We’re often asked…


What information should you collect about the prospect?


Is the new sales hiring decision a single person’s call?


A great hire or a dud comes down to digging into these two questions. Miss these and you’ll not get a full perspective of the prospect.


Your first step is collecting a complete picture of your prospect. You accomplish this with effective interviews and asking the right questions.


Smarter interviewing with a round-robin approach

Several people will interview each candidate across these fit dimensions. You certainly will learn a lot in the process. Try to avoid an emotional connection a single person might have with a candidate.


To mitigate any bias, you conduct an interview round-robin.


These interviews each explore different aspects of the competency, cultural, and performance fits. Let’s briefly explain the “fits” for candidate evaluation.

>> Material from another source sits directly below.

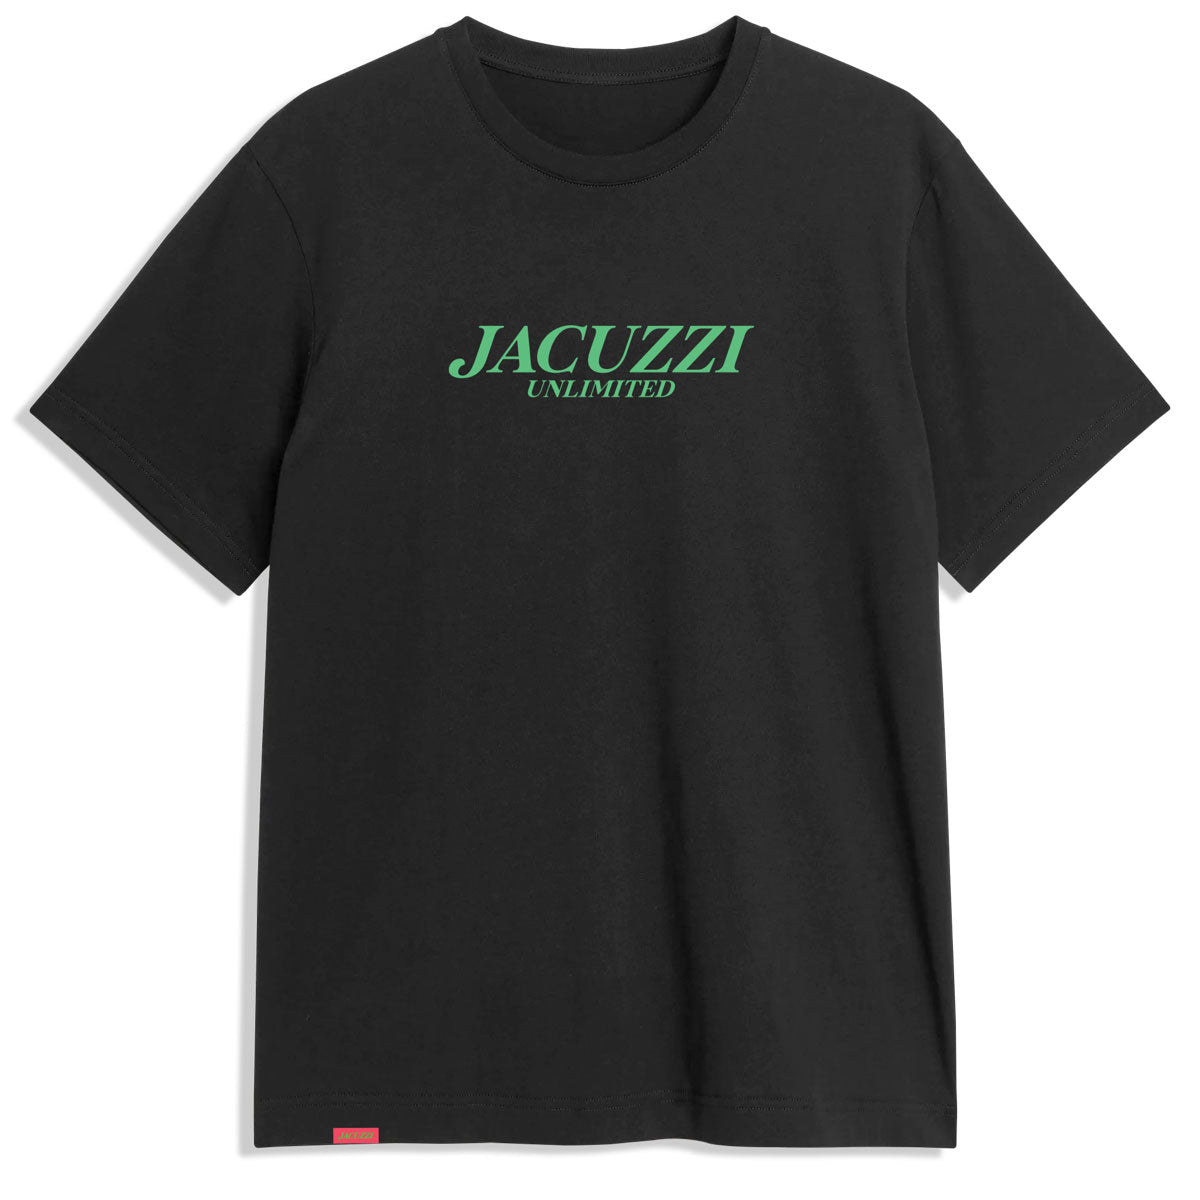 Jacuzzi Flavor T-Shirt - Black image 1

  • The competency fit – an alignment of skills to the job requirements.
  • The cultural fit – a understanding of personality aligned to company culture.
  • The performance fit – an evaluation prior sales against current job metrics.


All of which leads to identifying “who pulls the trigger” on the hiring decision. Many decisions depend on the prospect’s fit.


Next, we’ll outline why competency, cultural, and performance fits are critical.


The “Competency Fit” weeds out bloated resumes.

During the talent evaluation process, your sales team must be involved. They can complement the HR process by having two or three sales managers each do an interview. Each might cover a different set of questions.


Our team has uncovered 72 competencies that apply to different scenarios and organizations.  We’ve creates an outline that align these competencies by function and role.  Download and keep these tool handy when evaluating candidates.  


Click here to download the Scenario-based Competency Interview Guide.


Each gets a different perspective of the candidate this way.


Remember, the more senior sales managers have the most valuable experience. You may have a sales executive with a good track record of evaluating his own sales talent. Let him keep doing it.


The “Cultural Fit” weeds out personality conflicts.

Interviews are in person. You rotate through candidates. You will get a perspective of the candidate’s true personality this way. The best person to evaluate cultural fit is a sales director or even the Chief Executive Officer (CEO).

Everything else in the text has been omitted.